We spent part of New Year's Eve cutting snowflakes.

I'll get to that in a moment, but first you have to see something funny.  In the last few hours of 2012 we played our own family version of Pictionary with my parents, brother, and his fiancee.  We were in two teams, and each team wrote up a list of clues for the other team to draw, so we can personalize the game to our family.  It's always fun, and I laughed until I cried.

(Here's my brother holding the white board still as Quinn draws a pretty good plate of spaghetti.)


Sunday, December 16, 2012

My Ten Cents on Guns

I am heartbroken following the news about the children and educators shot to death in their school in Connecticut recently.  It's beyond horrible and impossible not to get emotional about.  My son curled up in my lap at the end of that day, exhausted after the happy work of kindergarten and then picking out a Christmas tree and hanging stockings and untangling strings of lights.  He fell asleep almost as soon as he nestled into my lap there in the dining room where I was trying to get some tasks done at the table.  Such a sweet, perfect, innocent face, freckles across his nose, breathing softly, safe and innocent and alive.  I burst into tears thinking of the parents who weren't going to get to hold their children anymore and wondering how someone could look into such a face as my son's and choose to destroy it.  I struggle every day to err on the side of compassion whenever possible, but I have very little to spare for people who harm children.  As the most obvious of baselines I would hope we can all agree that protecting children from brutality and vicious murder is a worthy goal of our society.  Just because there is an emotional component to this position doesn't make it less valid because arguably violence is damaging to many levels of our well being.

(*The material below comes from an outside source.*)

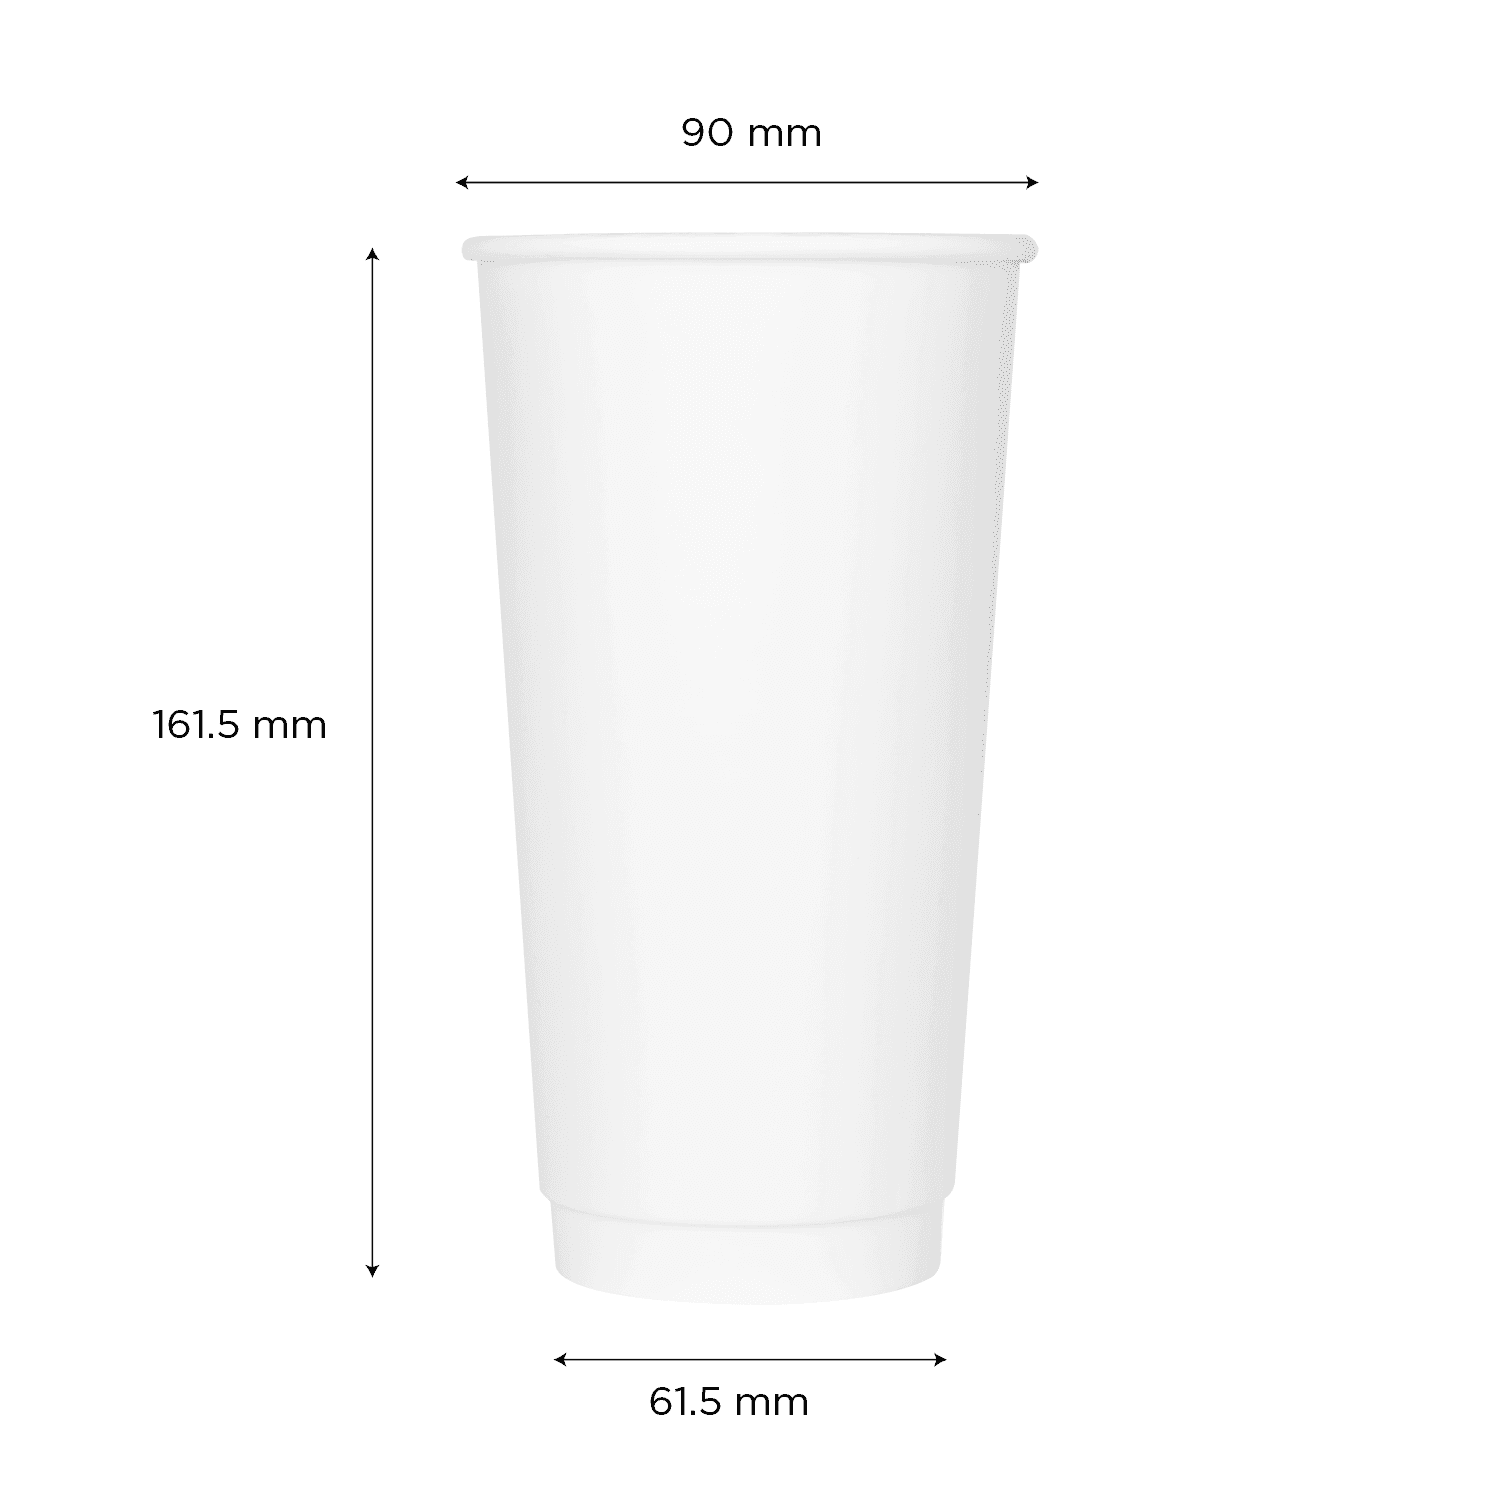 Karat 20oz Insulated Paper Hot Cups (90mm), White - 300 pcs

I've written before how I believe there is a distinction between rural use of guns versus their role in densely populated areas.  I still think that's true, but today I am thinking about cities.  Because I think we have come to such a dangerous and twisted place that I don't even understand the arguments coming from people about why we should all have such easy access to guns.  We need to stop and reassess without being immediately defensive.  We need to weigh the truth of what is happening now against our preconceived assumptions of what we want or think we deserve.

Because if we have reached a point in our society where the murder of twenty children in their school seems like just the unfortunate price we must pay for a particular interpretation of an amendment of our constitution, then something is very wrong.